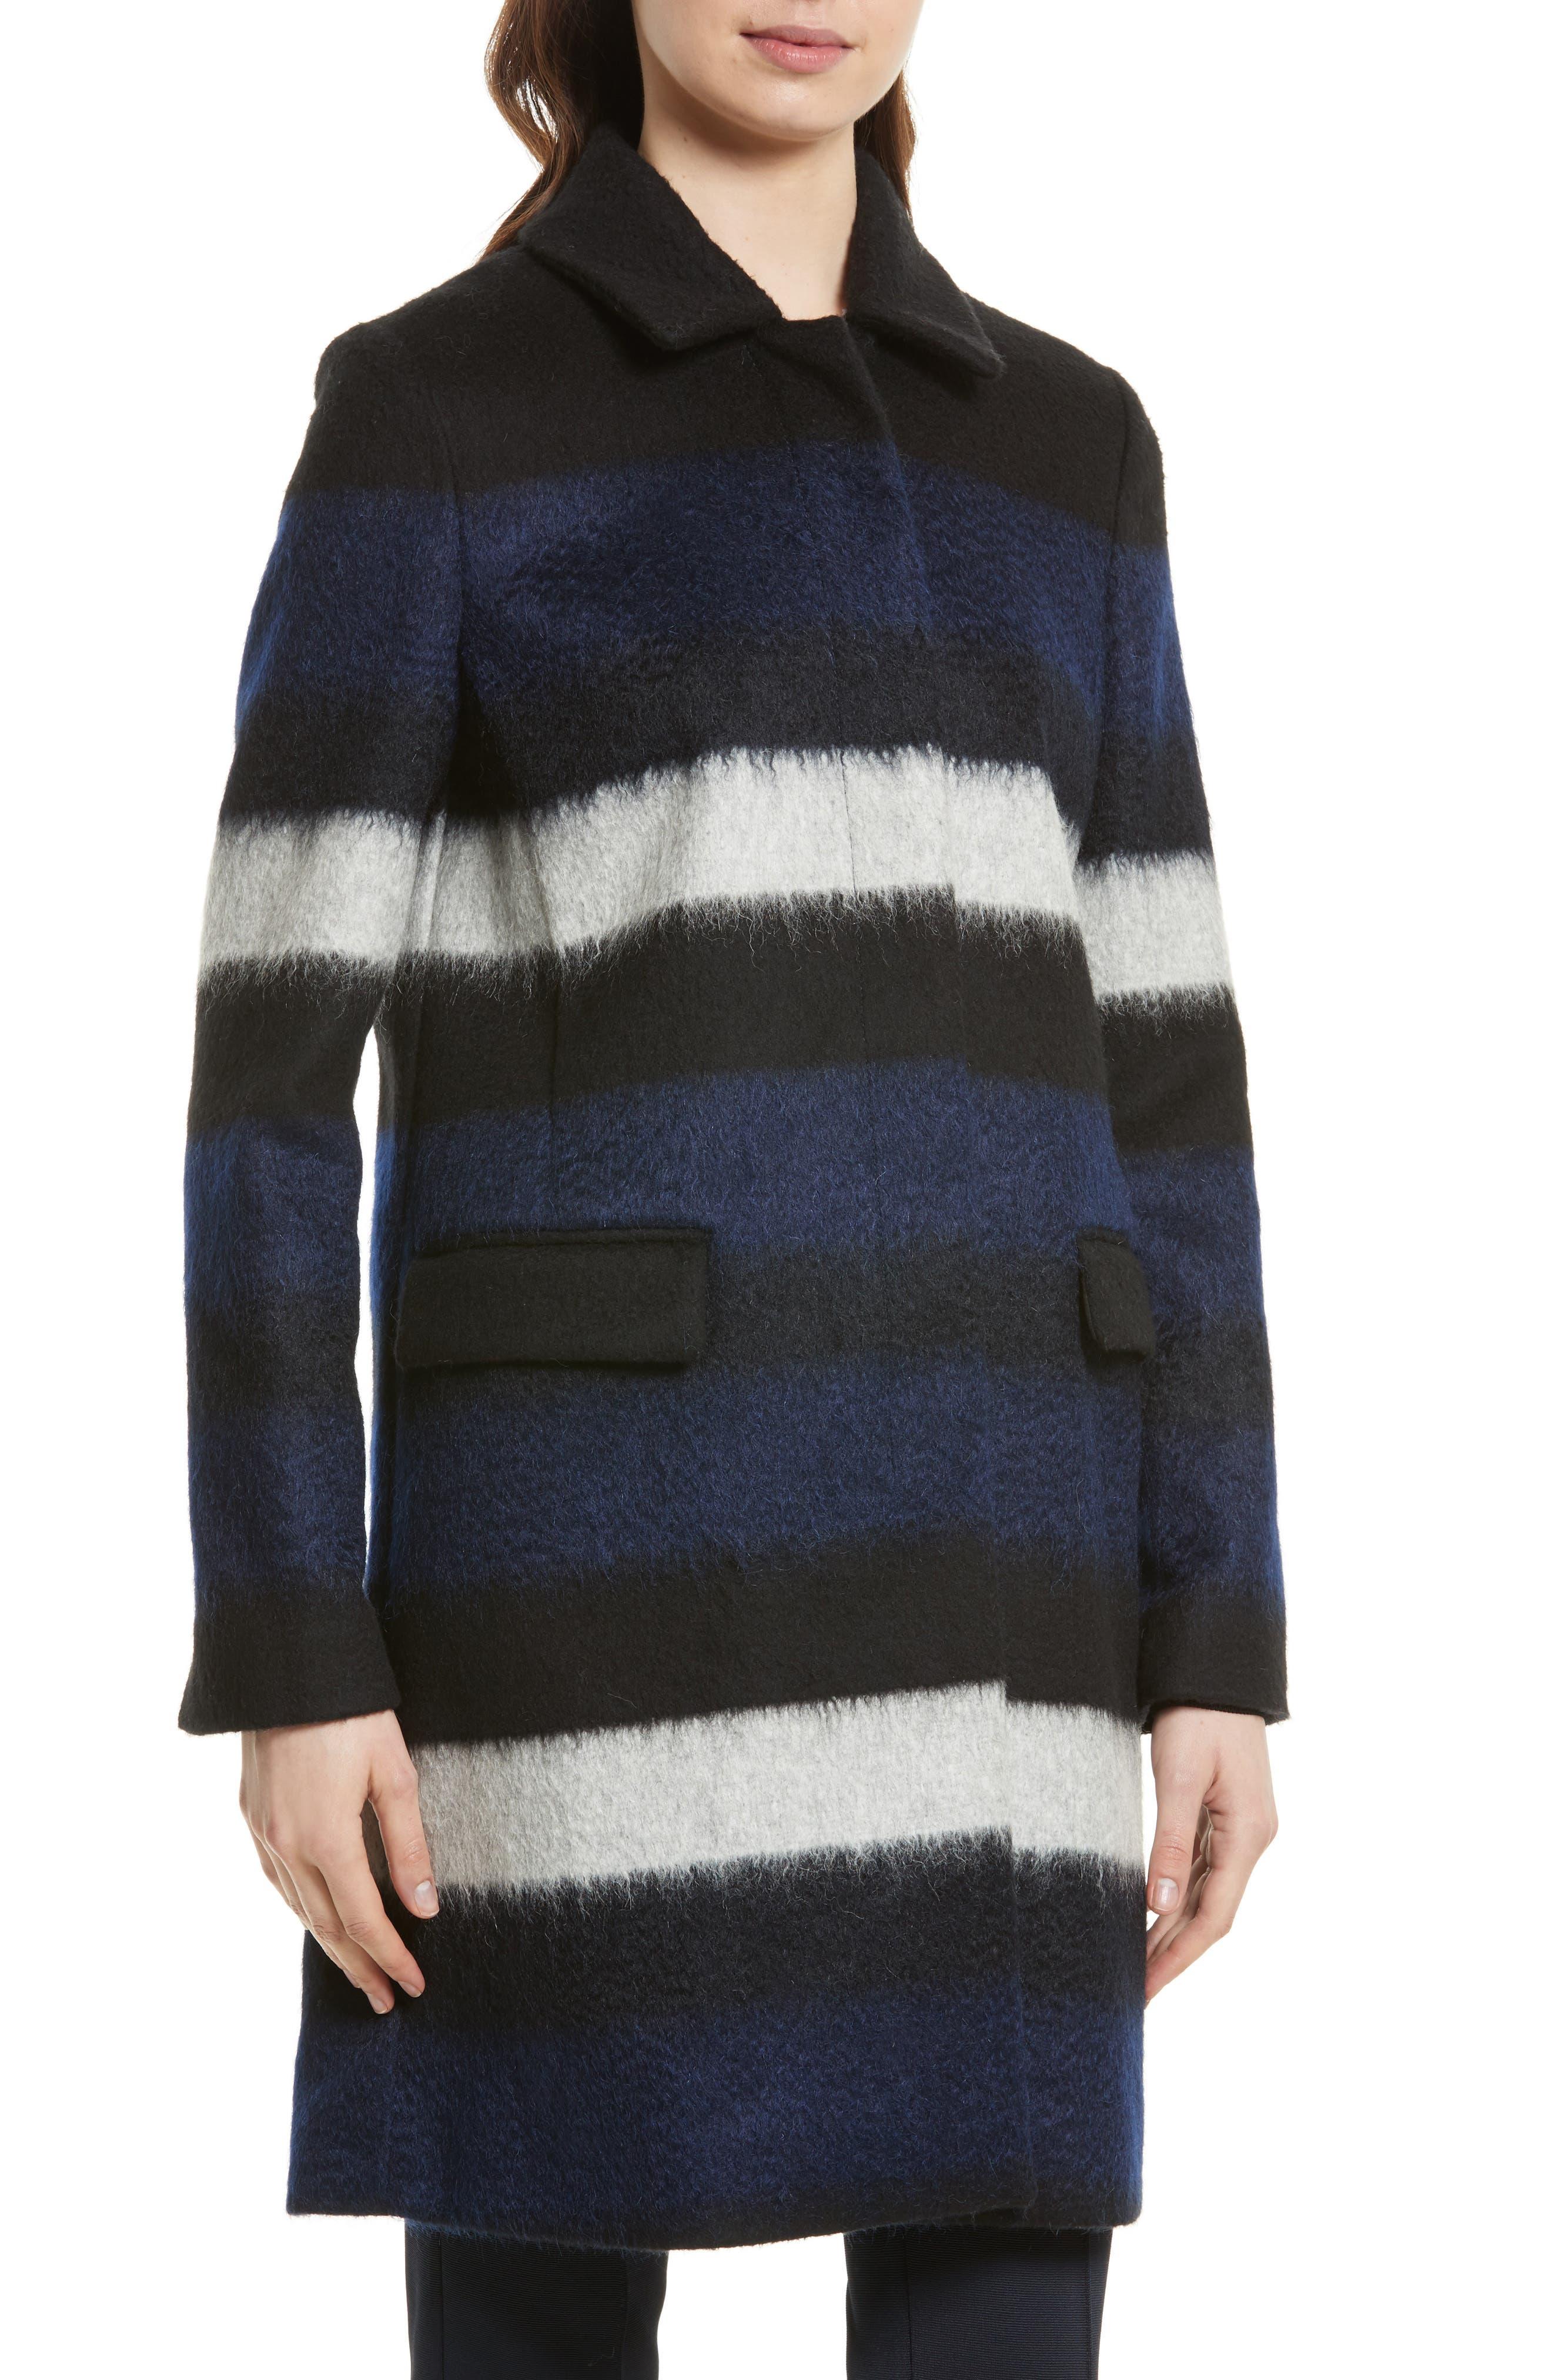 DIANE VON FURSTENBERG,                             Stripe Wool Blend Coat,                             Alternate thumbnail 4, color,                             005
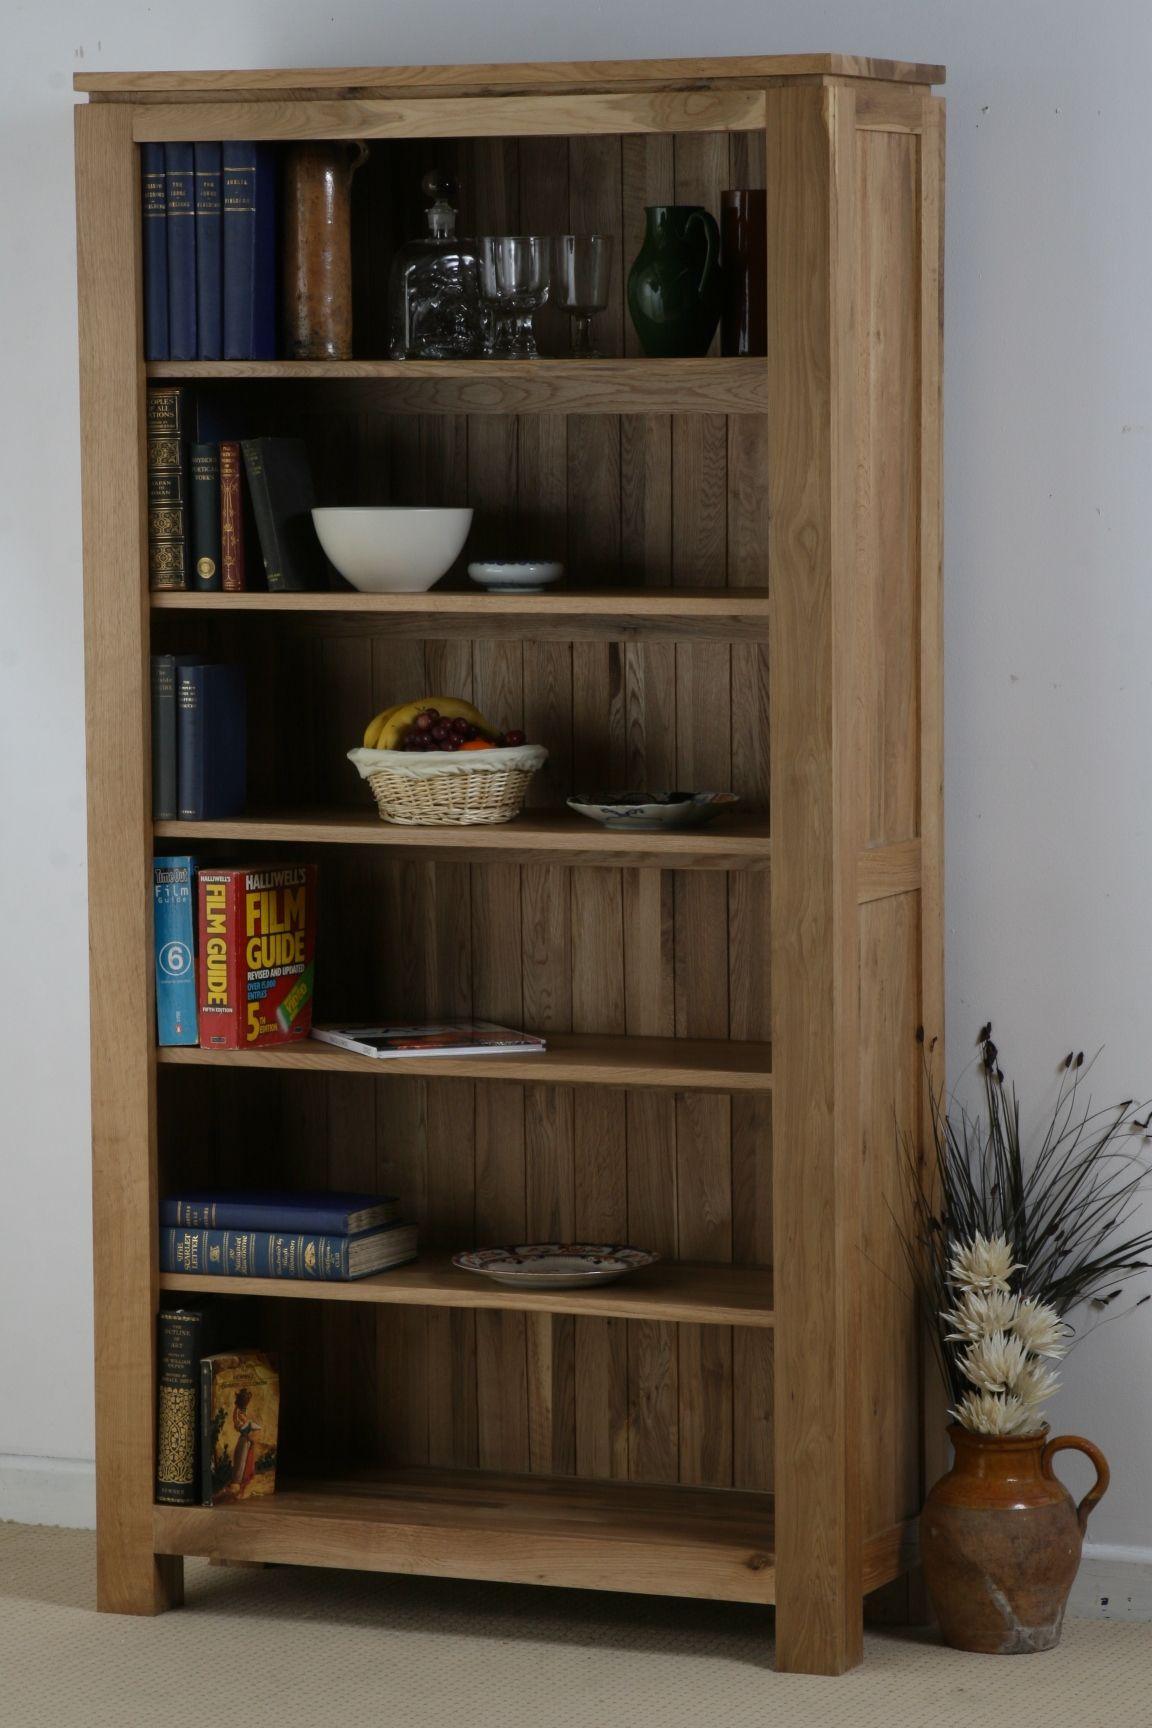 Office furniture galway - 17 Best Images About Oak Furniture On Pinterest Oak Cabinets Solid Oak Furniture And Oak Kitchens
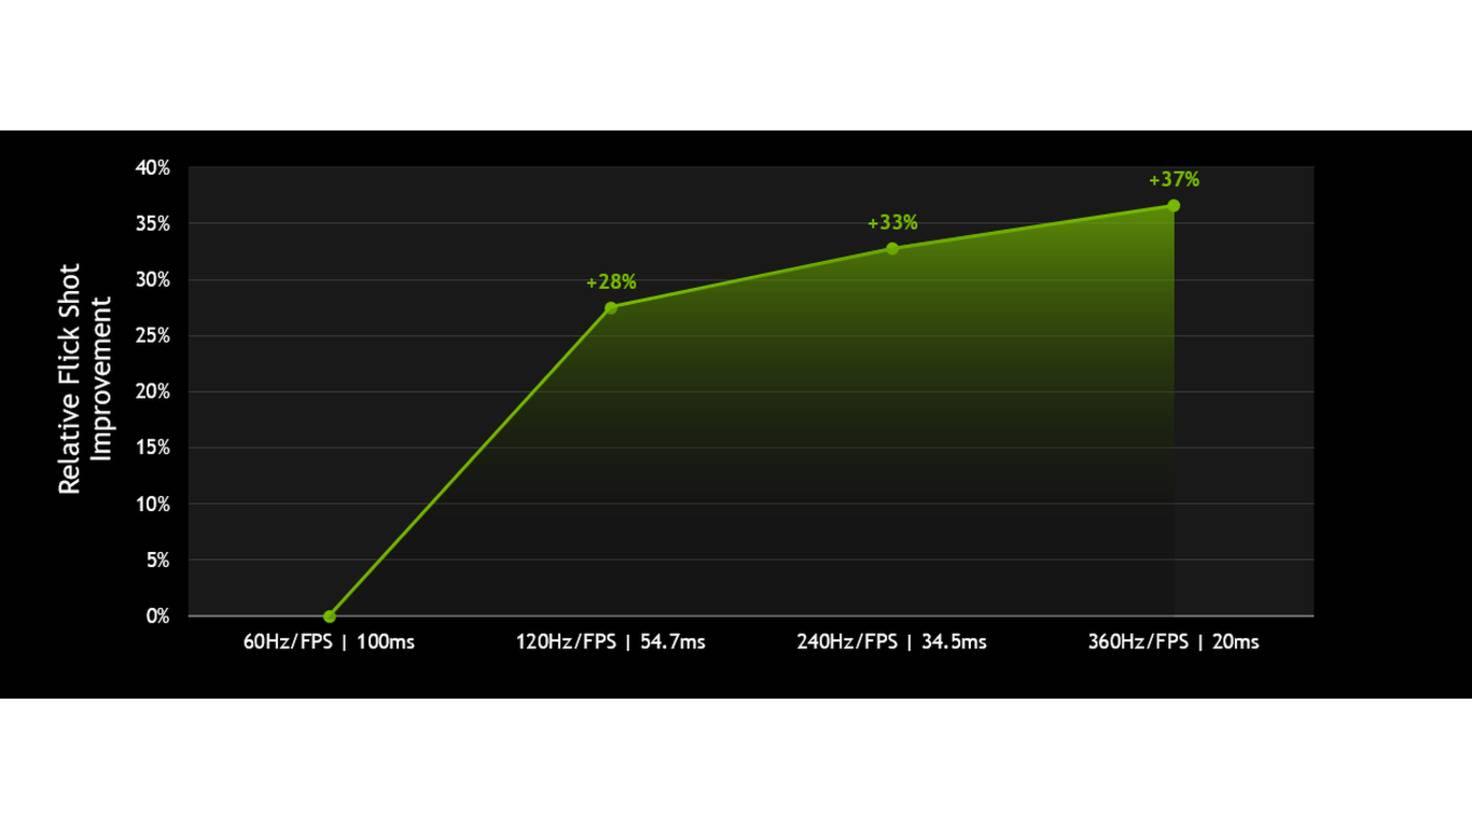 nvidia-geforce-relative-flick-shot-improvement-chart-360-hertz
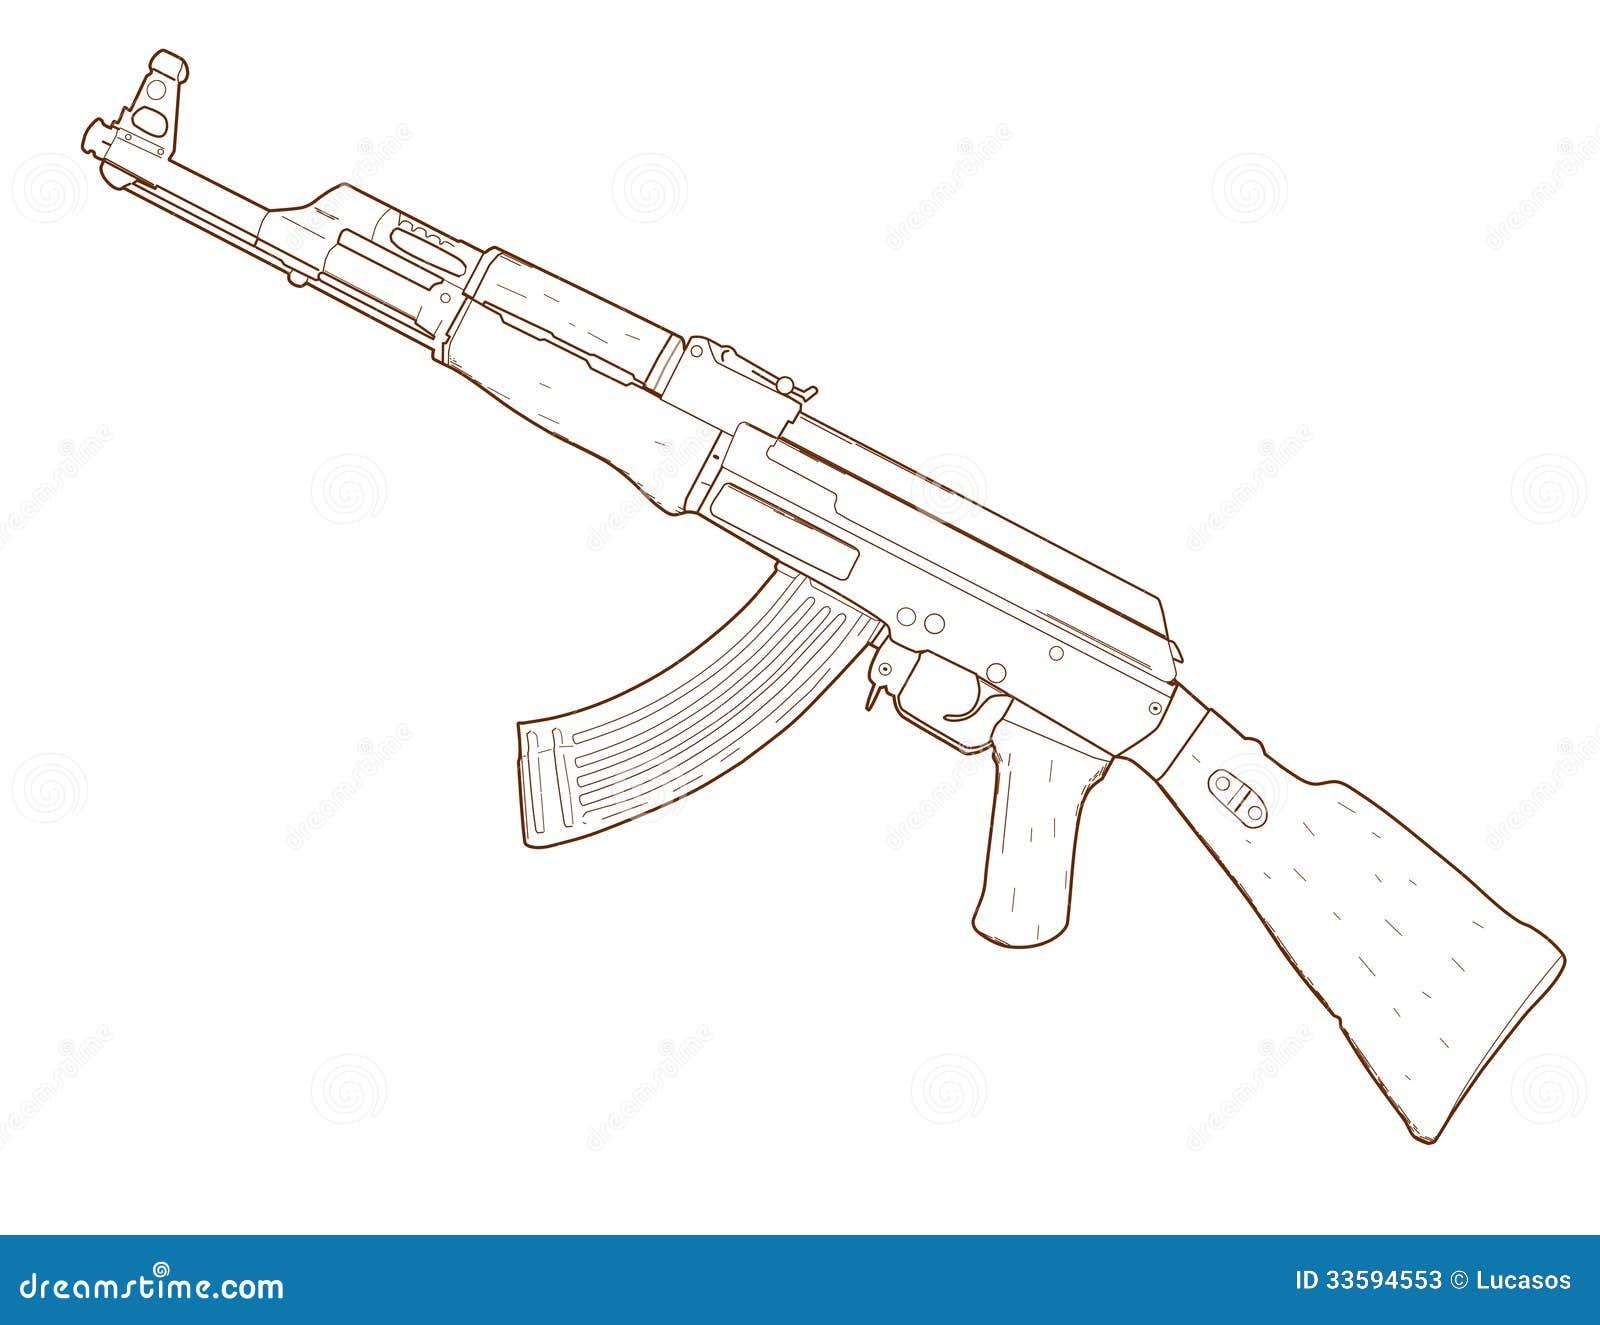 Rifle Ak 47 Stock Illustration Image Of Sketch Ak47

PROBLEM STATEMENT: Retype each line above exactly and leave out any picture.

EXERCISE OUTPUT:
 DIANE VON FURSTENBERG,                             Stripe Wool Blend Coat,                             Alternate thumbnail 4, color,                             005
 Office furniture galway - 17 Best Images About Oak Furniture On Pinterest Oak Cabinets Solid Oak Furniture And Oak Kitchens
 nvidia-geforce-relative-flick-shot-improvement-chart-360-hertz
 Rifle Ak 47 Stock Illustration Image Of Sketch Ak47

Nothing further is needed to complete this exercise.